• [About this exercise]: Nothing should appear in the answer except the lines below from the line containing "Transparent tooth aligner" through the line containing "Aug. 08, 1976", copied exactly, with pictures left out.

• [Provided data]:

================

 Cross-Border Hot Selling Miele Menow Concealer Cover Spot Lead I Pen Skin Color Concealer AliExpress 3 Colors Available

================

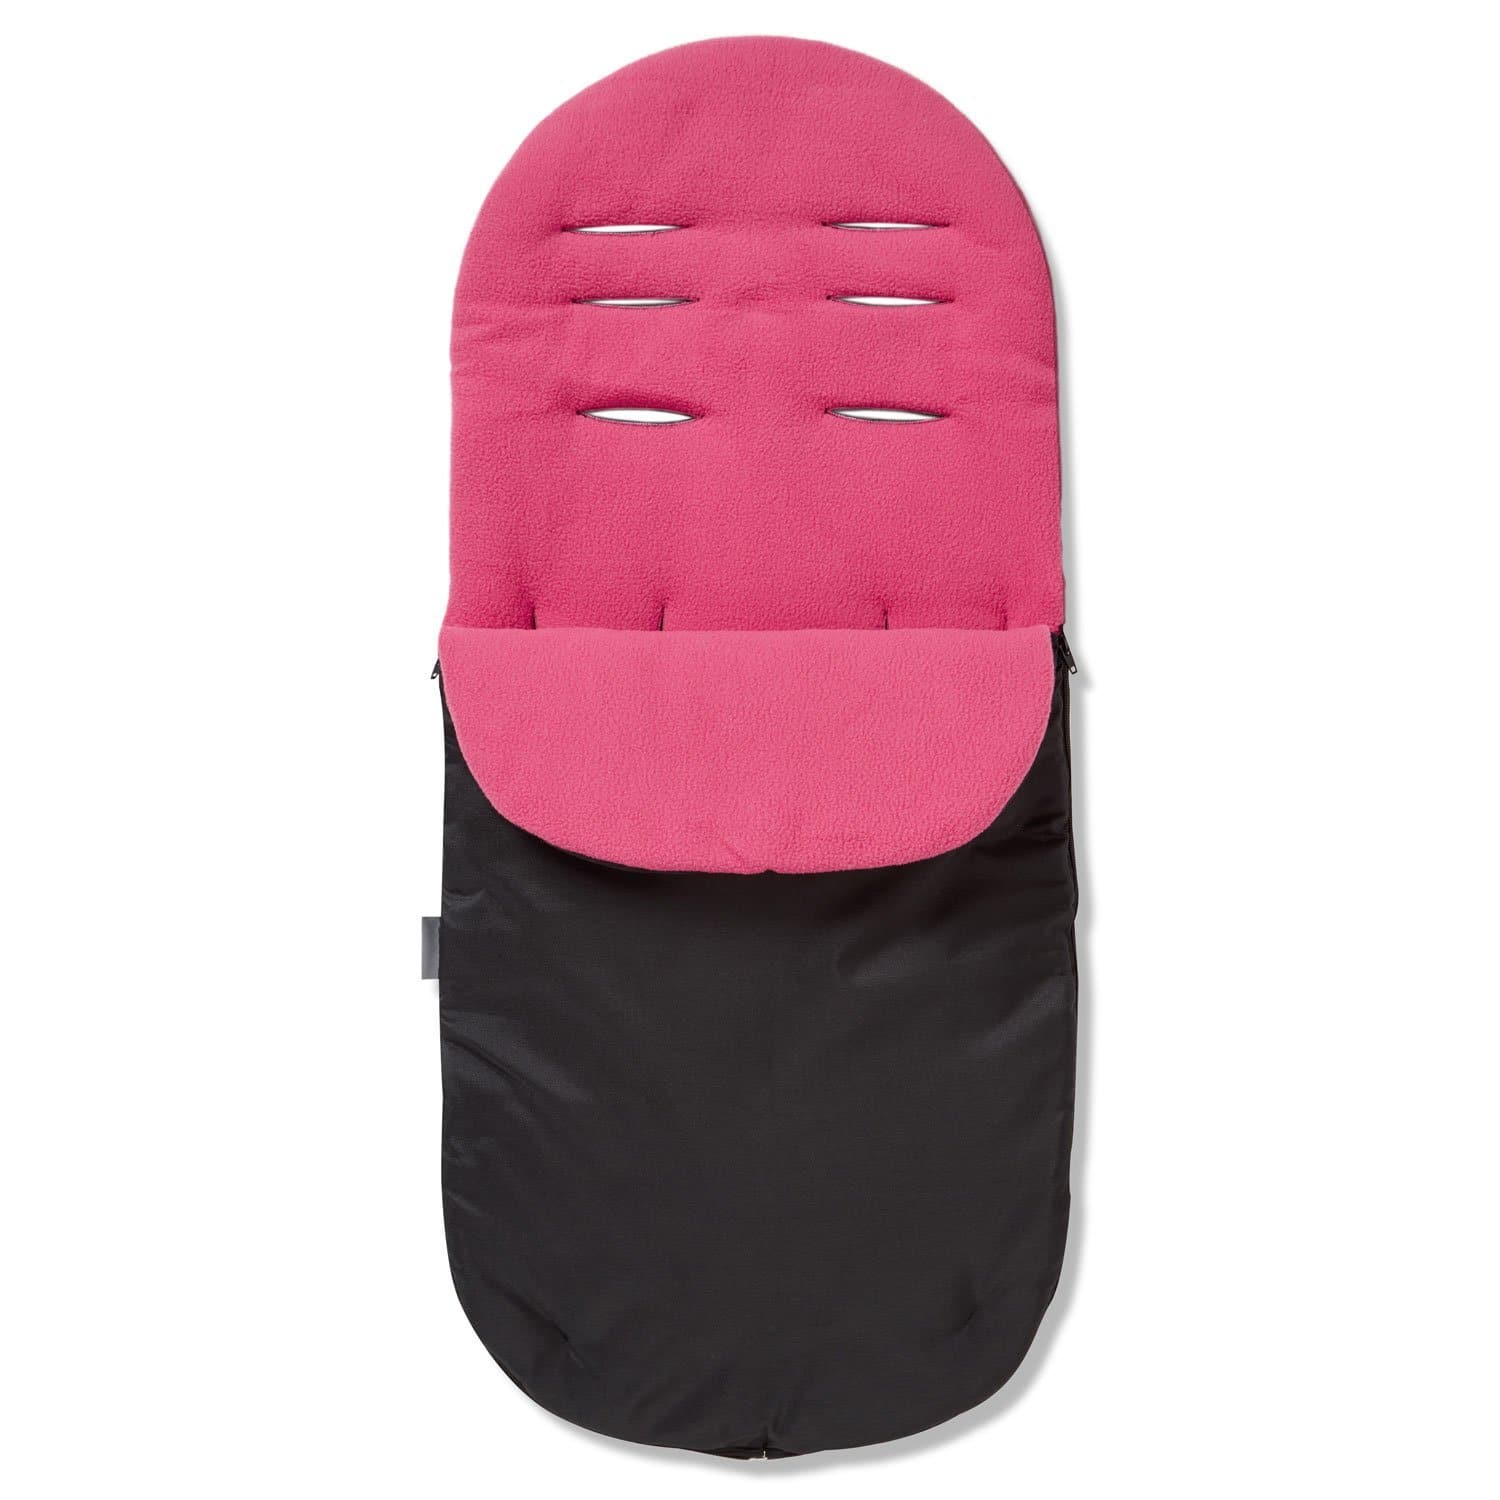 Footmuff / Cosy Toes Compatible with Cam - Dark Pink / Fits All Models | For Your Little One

================

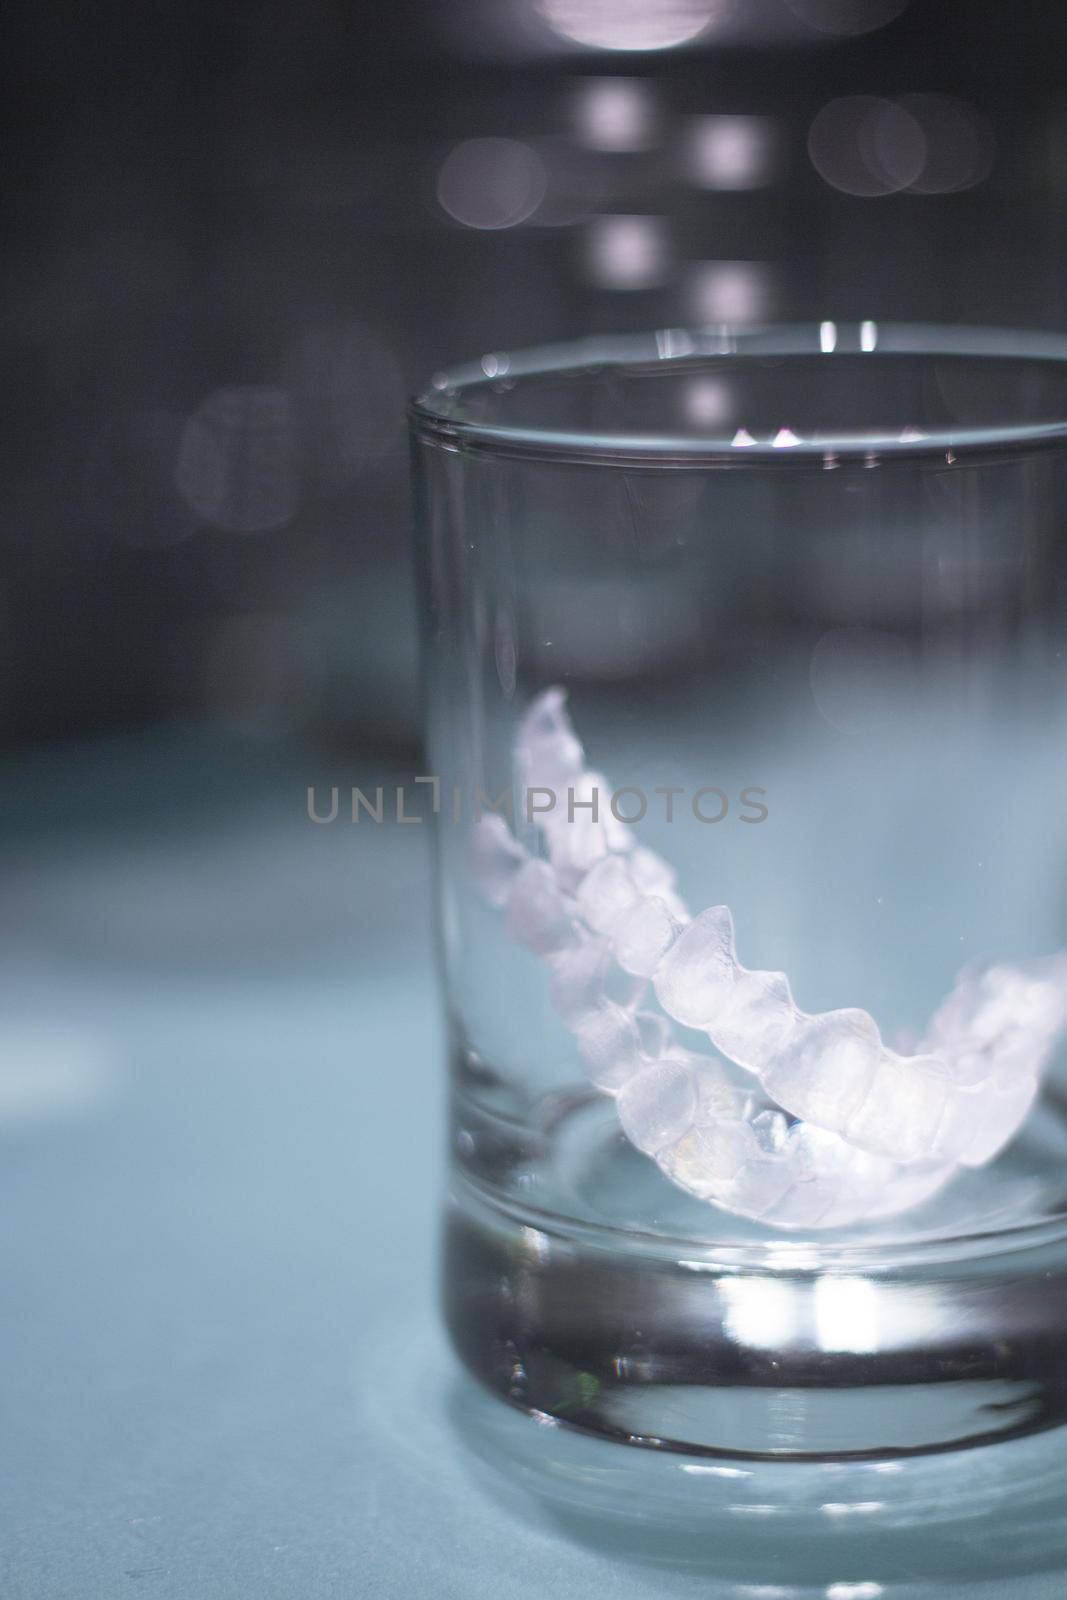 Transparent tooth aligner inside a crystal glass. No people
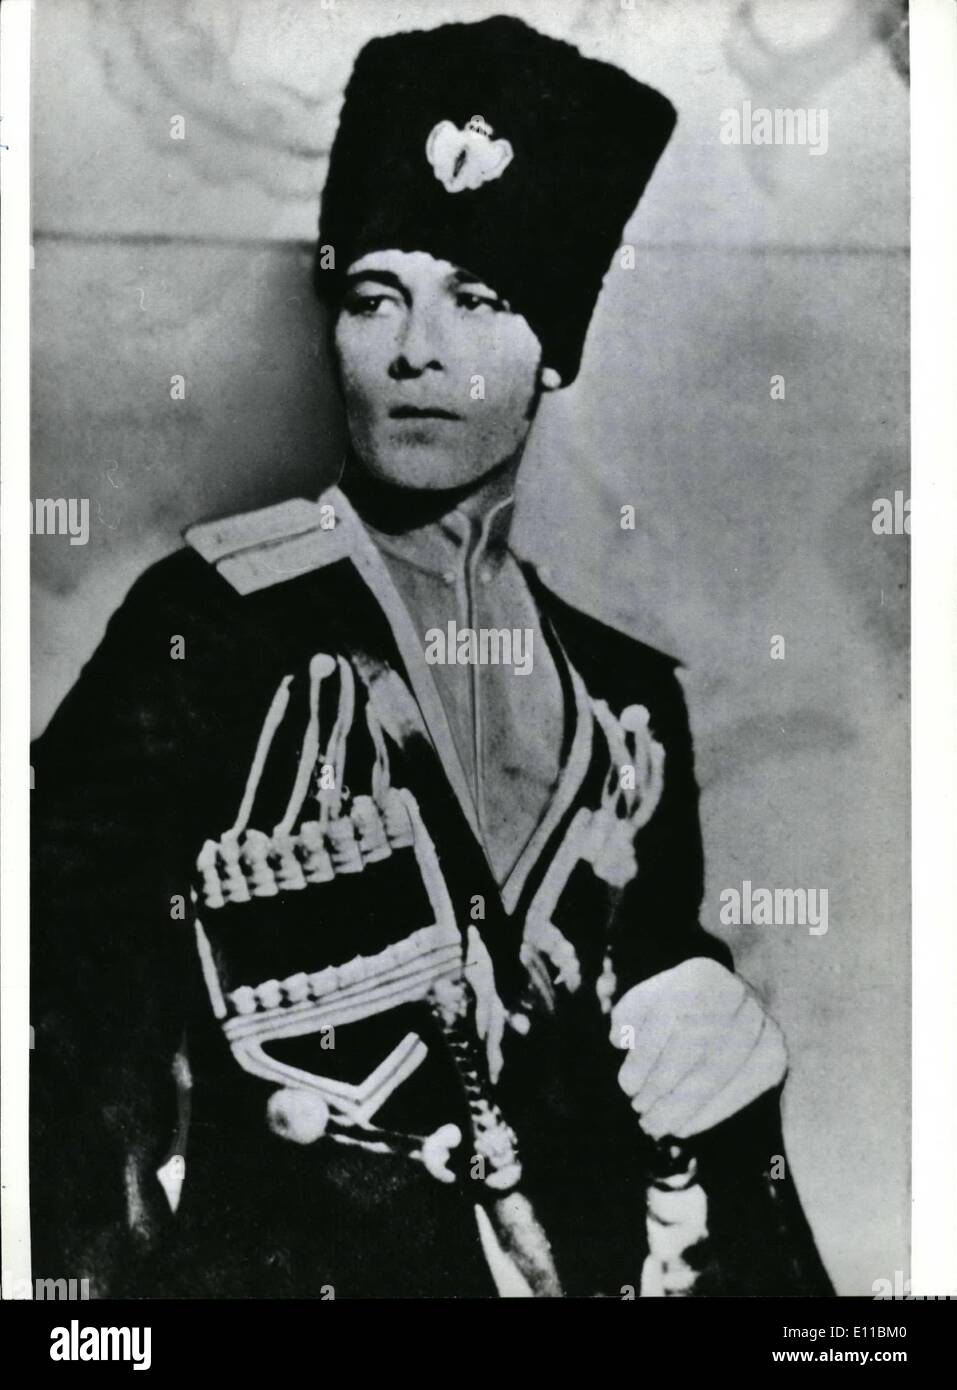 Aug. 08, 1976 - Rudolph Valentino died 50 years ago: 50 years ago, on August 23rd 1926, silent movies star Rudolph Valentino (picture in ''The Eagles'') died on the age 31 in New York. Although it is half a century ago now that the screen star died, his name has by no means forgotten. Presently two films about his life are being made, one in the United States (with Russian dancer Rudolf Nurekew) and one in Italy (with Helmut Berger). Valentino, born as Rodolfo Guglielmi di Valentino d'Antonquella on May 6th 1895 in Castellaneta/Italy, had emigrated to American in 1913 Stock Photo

================

• [Answer space]:
 Transparent tooth aligner inside a crystal glass. No people
 Aug. 08, 1976 - Rudolph Valentino died 50 years ago: 50 years ago, on August 23rd 1926, silent movies star Rudolph Valentino (picture in ''The Eagles'') died on the age 31 in New York. Although it is half a century ago now that the screen star died, his name has by no means forgotten. Presently two films about his life are being made, one in the United States (with Russian dancer Rudolf Nurekew) and one in Italy (with Helmut Berger). Valentino, born as Rodolfo Guglielmi di Valentino d'Antonquella on May 6th 1895 in Castellaneta/Italy, had emigrated to American in 1913 Stock Photo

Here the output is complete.